Okay so now you have ME tearing up. I hurt for you because I know that you were hurt. It was so hard for me to tell you about our newest baby. I know you are happy for us but at the same time, I know it still stings. I too, took healthiy pregnancy's for granted until what you went through and what my own sister is going through. I now, more than ever, realize that it is all so fragile and to not take it for granted. I love you Jamie and am so glad we are still friends after all these years! You are a great friend and a fun mommy, your kids adore you. Keep your head up, it is going to happen for you again... and soon!

Melissa said...

Oh!!! I'm so sorry to hear you miscarried. It seems like there was a wave of pregnancies, and now there is this sad wave of miscarriages - I've had several friends in recent months miscarry. And many of them are pregnant again and are doing fine. Stay strong. You're not alone. Love you Jam!

Kelli said...

Sorry to hear about your situation, Jamie. I'm so glad you do have 2 little ones and a supportive hubby, I know that's what's keepin ya goin. We've been thinking of you guys. xoxo ...in the meantime..you can always bbsit for me... ;)

Bailey said...

Geez, you're sitting right in front of me and I got teary -eyed. The Lord has his hand in it all. He knows whats best for you and your family. He knew you were strong enough to go through that trial. I love you and your two sweeties...and your time will come again!

taytum said...

Hey! Bailey directed me over to your page to read this entry. I am so sorry about your miscarriage. She actually had told me about it a long time ago and even though I don't know you very well I was so sad for you then. Reading this just made me feel it even more. The worst thing of all was that I had a cousin and a friend that had babies and carried them 7 months or more and lost their babies. I felt so guilty for ever having negative feelings that they were pregnant and I wasn't. It was so tough. I was happy for them, but jealous. Then when they lost their babies I felt so guilty for ever feeling that way at all. Thanks for sharing your story. And I hope you don't mind me checking your blog!
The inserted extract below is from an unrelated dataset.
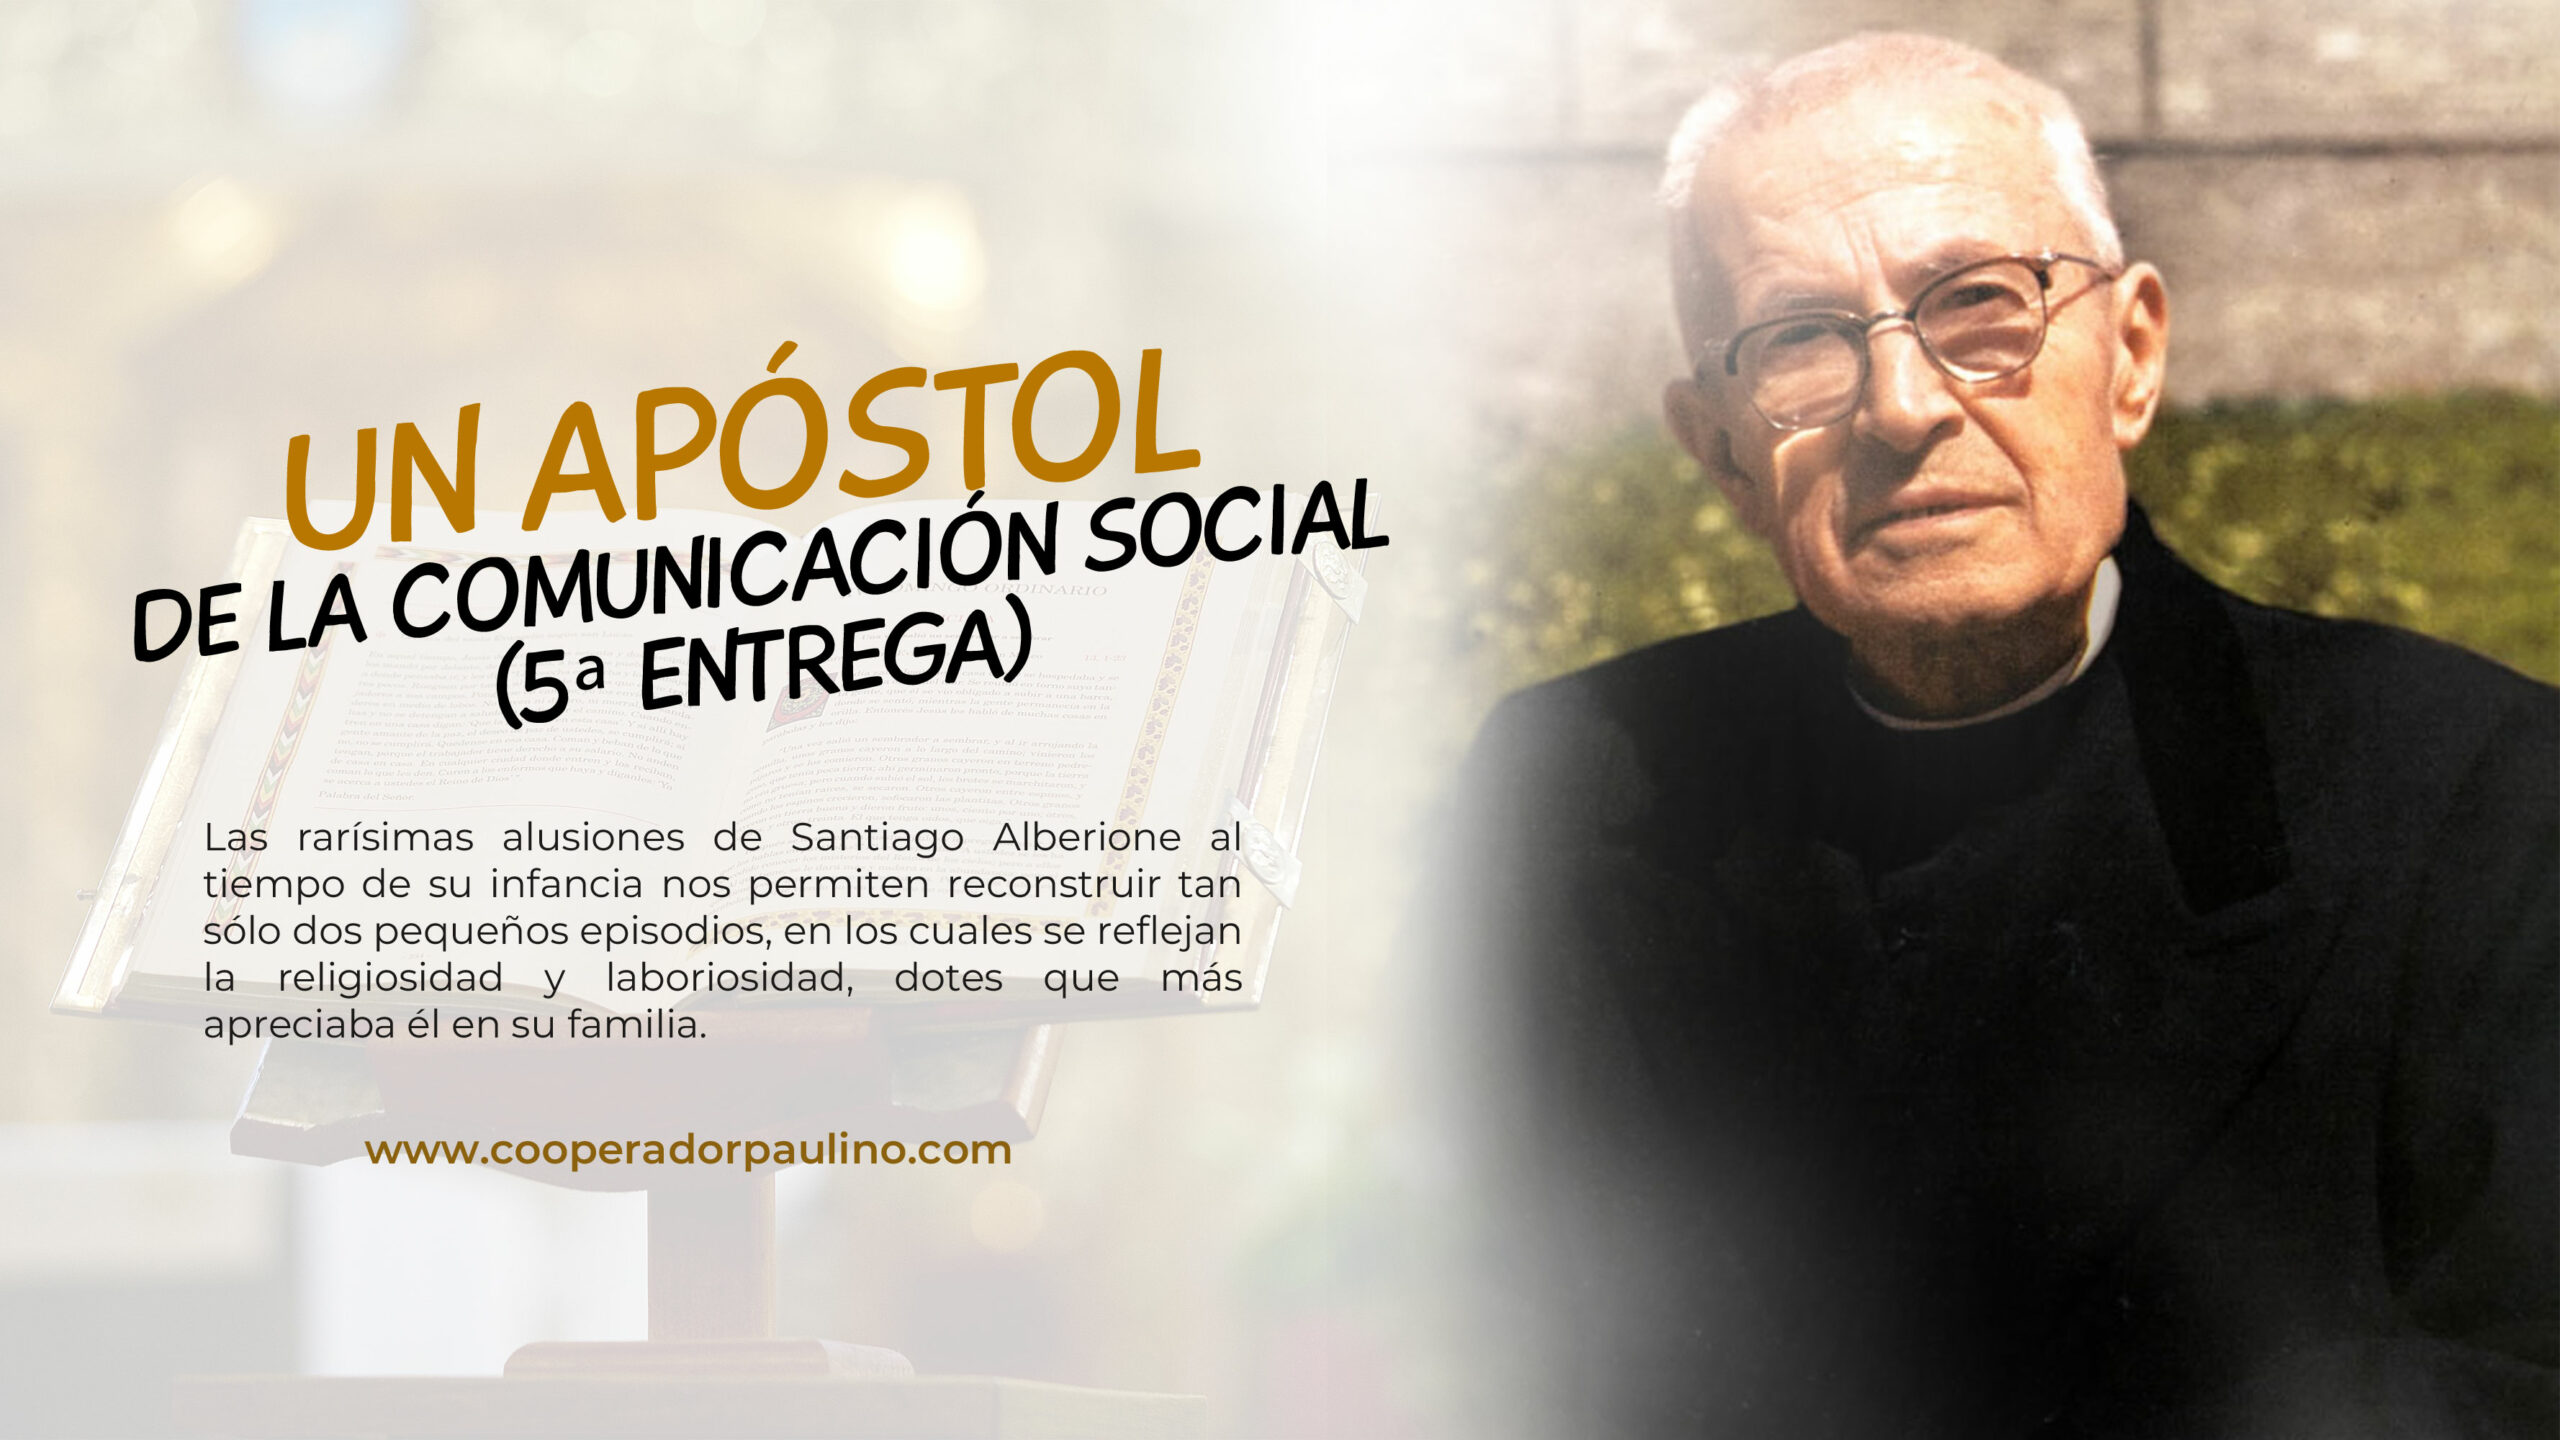 PARA CONOCER AL BEATO SANTIAGO ALBERIONE – UN APÓSTOL DE LA COMUNICACIÓN SOCIAL (5ª ENTREGA)

Your kids are beautiful. I know you'll be blessed with more.

Kristi @ Lolly Jane said...

I don't talk about infertility with many people but I can say I honestly feel your loss. Hope you're surviving. XO

Briana said...

Jamie, I'm sorry you had to experience that. I went through it a couple times and know the sorrow. So true how we take it all for granted when it comes so easily for us. In that respect, maybe it's worthwhile to have a loss in order to gain greater empathy for those who always struggle with the possibility of having children in this life. Take care. I love you. ~Bri

Pepper Lovin! said...

Jams~

I have never heard of that brand of jeans! sorry.